Michelle Winters' I Am a Truck is a tribute to the people, places and things she loves
Michelle Winters is a New Brunswick author and painter — among many other things — who describes her painting and writing as "preposterous things rendered in a very sincere and realistic way."
Her debut novel, I Am a Truck, is on the shortlist for the 2017 Scotiabank Giller Prize. It centres around Agathe Lapointe, a married woman whose husband, Réjean, mysteriously disappears before their 20th wedding anniversary, leaving behind only his beloved Chevy truck.
In her own words, Winters shares how she wrote I Am a Truck.
Write what makes you happy
"Agathe had come from a different short story that I was writing about a murder in Minto, N.B. I decided to write a story about a missing man and thought I could use her. The rest of the characters have come from beautiful pieces that I've collected along the way, from the behaviour of beautiful people.
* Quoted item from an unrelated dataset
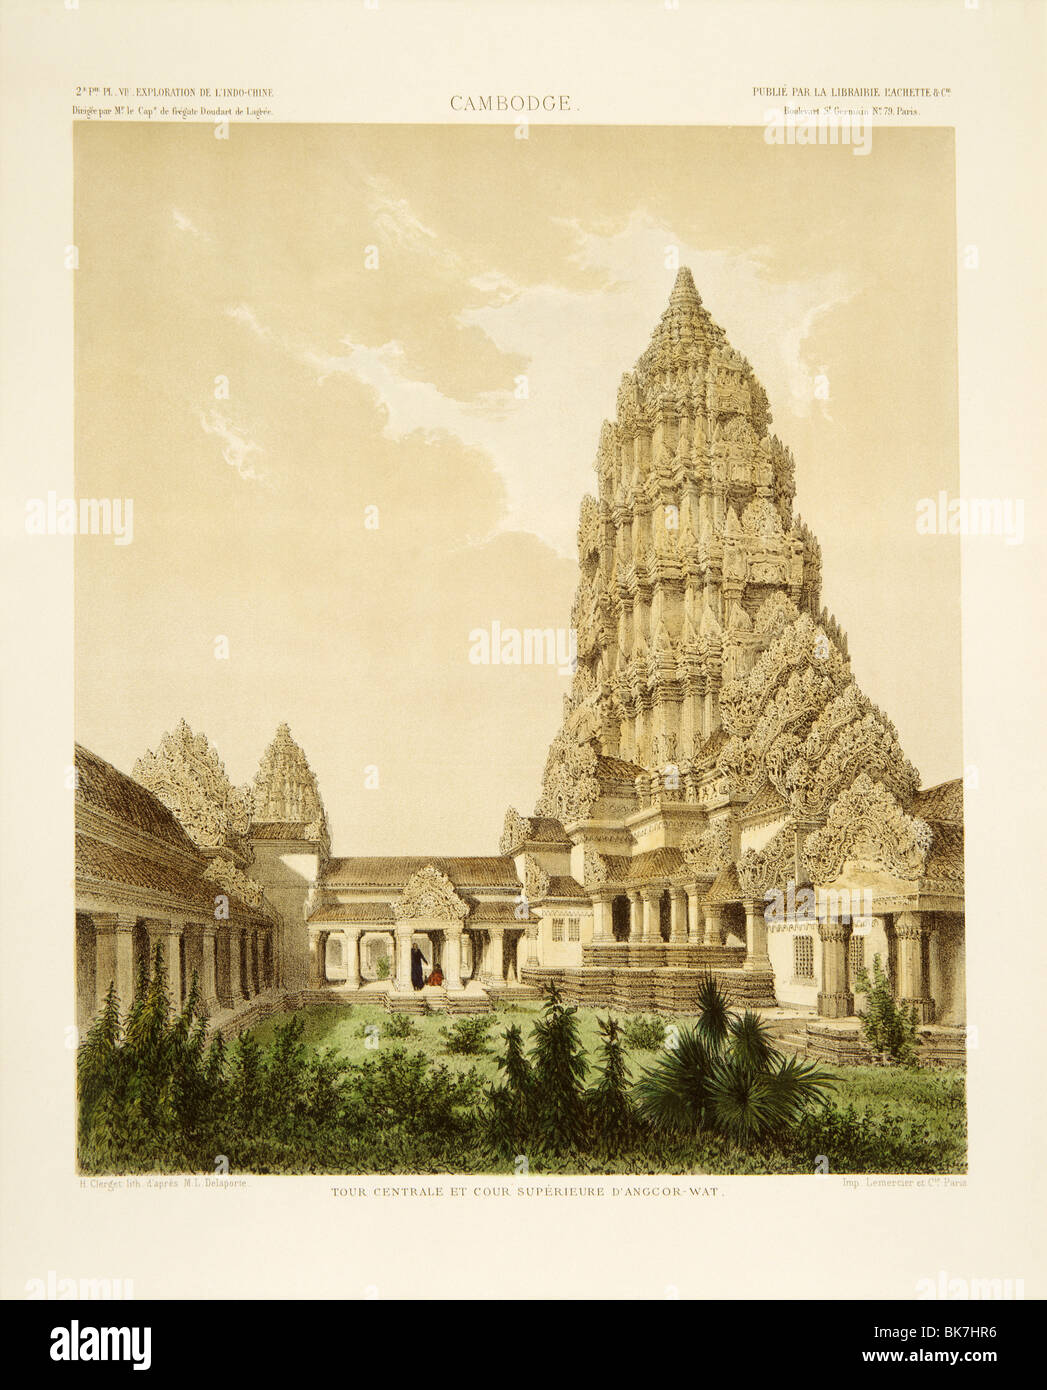 Engraving of Angkor Wat from Exploration de L'Indo-Chine by Delaporte, Cambodia, Indochina, Southeast Asia, Asia Stock Photo

"A lot of them act as a tribute to certain people that I have loved in my life and characteristics that I enjoy. I love the idea of a sweaty character, I love the idea of a character who's a giant so those things were just me having fun. The book was about making me happy, so I used things I love. I Am a Truck is a tribute to a lot of things that have enhanced my life."
Inspiration from Marian Engel
"I had actually done a version of this story where Agathe was mute, she didn't say a thing. I was thinking she's in such grief that she doesn't speak. It wasn't a deliberately timid way around the French, but it did circumvent the problem. As I wrote I Am a Truck, I got more fearless. At a certain point in writing, I read Marian Engel's Bear and it changed everything. I thought, 'Screw it, if Marian Engel can write a book like that I can do whatever I want.' I found that book incredibly inspiring, as far as what I do creatively."
An ode to New Brunswick
"The book was set in New Brunswick because it's ingrained in the way I think. Whenever I set a story I think there's something richer and funnier about the fabric of New Brunswick. New Brunswick is where I got all my experience of growing up. It's coloured with French, it's coloured with the dialect, the food we eat and the weather and the landscape — all of that is so dear to me."
Writing is power
"My favourite thing about writing this book was the liberal employment of the absurd. What I find most fun about writing is that you can go absolutely as far as your imagination will let you. I'm a small woman in a corporate world that's filled with restrictions. Writing is where I feel most powerful and where I can impose my will on the world I want to create — it's incredibly liberating."
Michelle Winters' comments have been edited and condensed.